Dynamic Tension
Back in the early 1970’s I shared a loft in NYC with a buddy from college. It didn’t last too long because our personalities clashed. I can remember him pacing back and forth, smoking endless cigarettes, and using his hands to express unknown sentiments all the while telling me that I was a nervous person. I was the one sitting motionless on the couch, wound up tighter than a cheap watch, waiting for my head to explode so I could release the tension.
Tension is a very interesting feeling. Like so many things it can be use for good or bad. Used one way it can motivate, used another it can cripple or paralyze a person. The power of tension creates earthquakes and it also creates mountain ranges. Sexual tension can build and when released with a lover can unleash unbridled pleasure. Elements of tension in a story can hold our attention waiting for the outcome. Tension on a cable holds a bridge up. Political tension can cause us to hold our breath waiting to see if the world will sink into chaos.
Tension fascinates me. I guess that it should, there seems to be so much of it in my life. I always tell myself that I want to be free from it yet, when there is no tension I seem to go out of my way to find it or create it. I don’t really understand why I do it. I sometimes wonder if I am a glutton for punishment or if there is a part of me that abhors or fears a quiet and tranquil life. There is obviously something wrong with the way that my brain is wired and how it functions. Or maybe the gods just programmed me that way.
Whatever the reason is, it doesn’t really matter. For me, tension seemed to be here to stay and since I had it, I figured that I might as well use it. Over the years I’ve tried using it in my personal relationships, in my marriage and how I raised my children, in how I have dealt with jobs and co-workers. None of that seemed to work out really well. Actually, a lot of it was disastrous. There were times that it wasn’t disastrous and that was when I used it in my painting.

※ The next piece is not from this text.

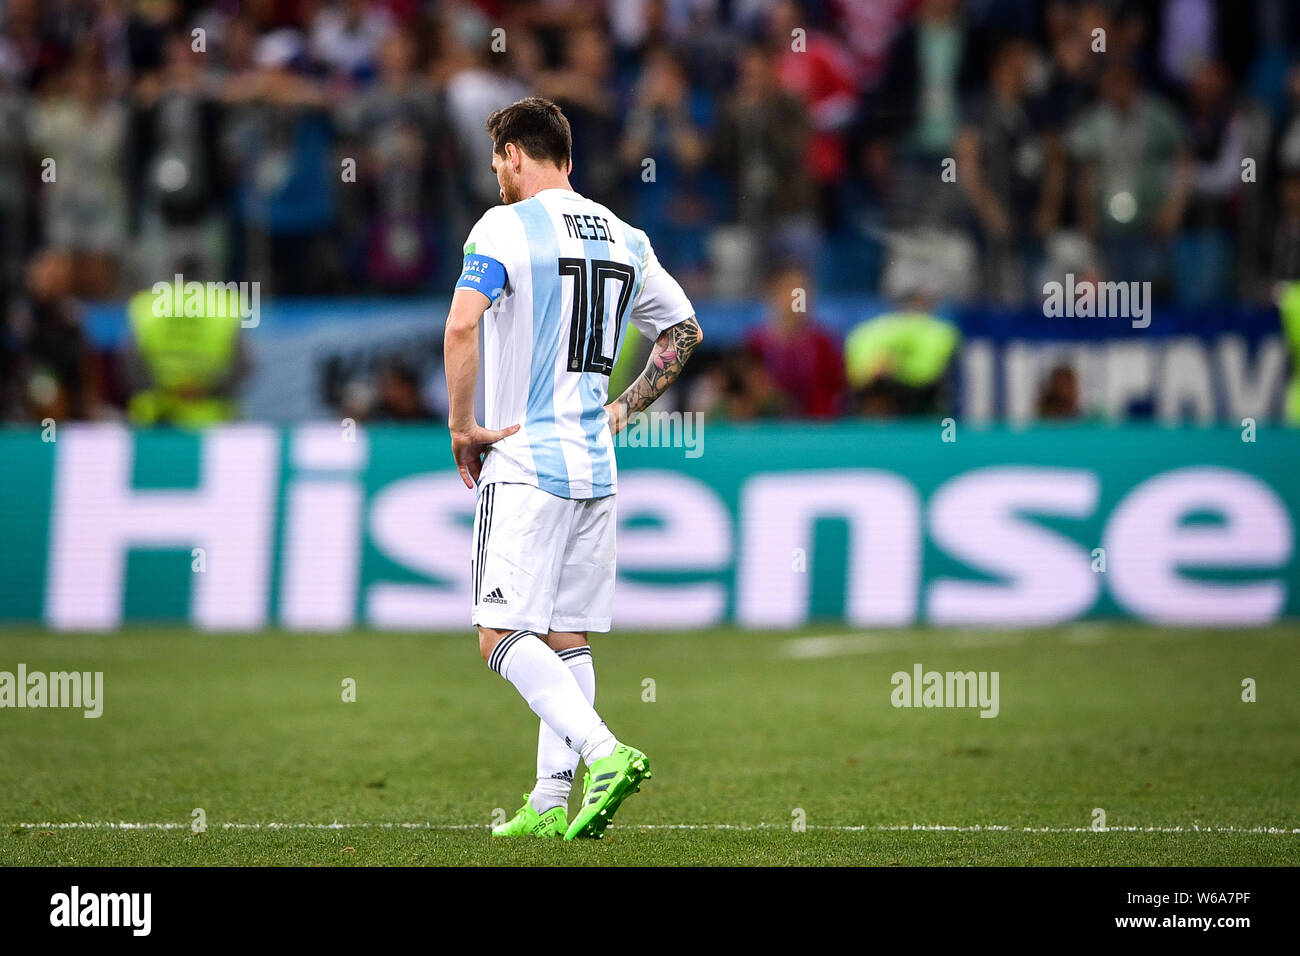 Lionel Messi of Argentina reacts after Luka Modric of Croatia scored a goal in their Group D match during the 2018 FIFA World Cup in Nizhny Novgorod, Stock Photo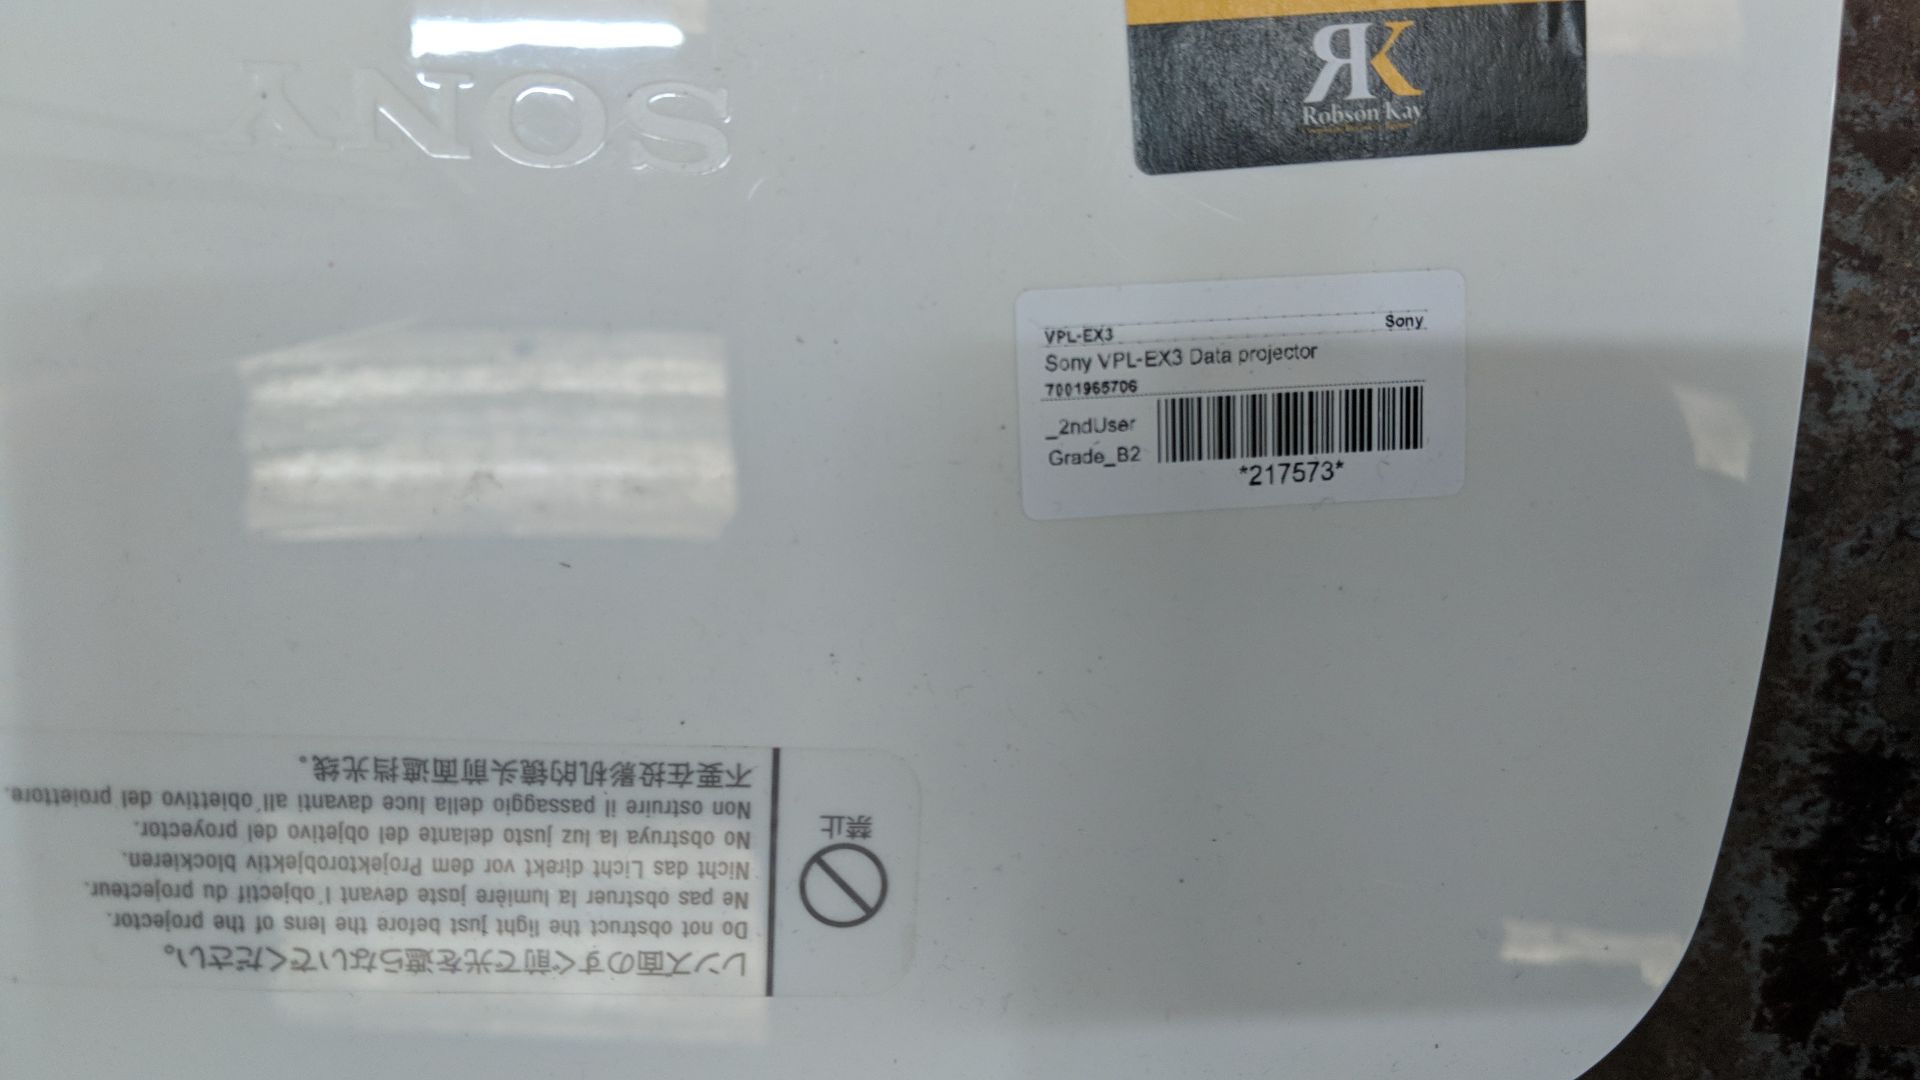 Sony model VPL-EX3 data projector IMPORTANT: Please remember goods successfully bid upon must be - Image 4 of 5

This tension could help to bring a painting to life. The tension could add a shimmer or resonate with some unknown chord. It could create the feeling of a perilous balancing act where I might wait and watch just to see which way it might fall or a mad dance whirling and taking on its own life. It could be like lightening cutting through the darkness illuminating the world around it, motionless and silent, for just a split second waiting for the rumble to catch up to it. The tension was never boring but always interesting and filled with life, even if I didn’t really understand or agree with it. This tension is always real. And it is exhausting, but sometimes feeling exhausted can be a good and satisfying thing. It lets you know that you are alive. It lets you know the difference between you and a chair just sitting there.
The above piece is untitled. It measures 15" X 21.75" and is oil on prepared paper.
2 Comments:
i like how the red turn to yellow in this piece It's alive ,moving afire!
And tension is what makes a string sing when plucked...or snap when over-wound.
Here's hoping you, me and all our friends have the tension it takes to sing not snap.
Fine fine painting, am glad to be back and to have the wherewithal to enjoy your art again!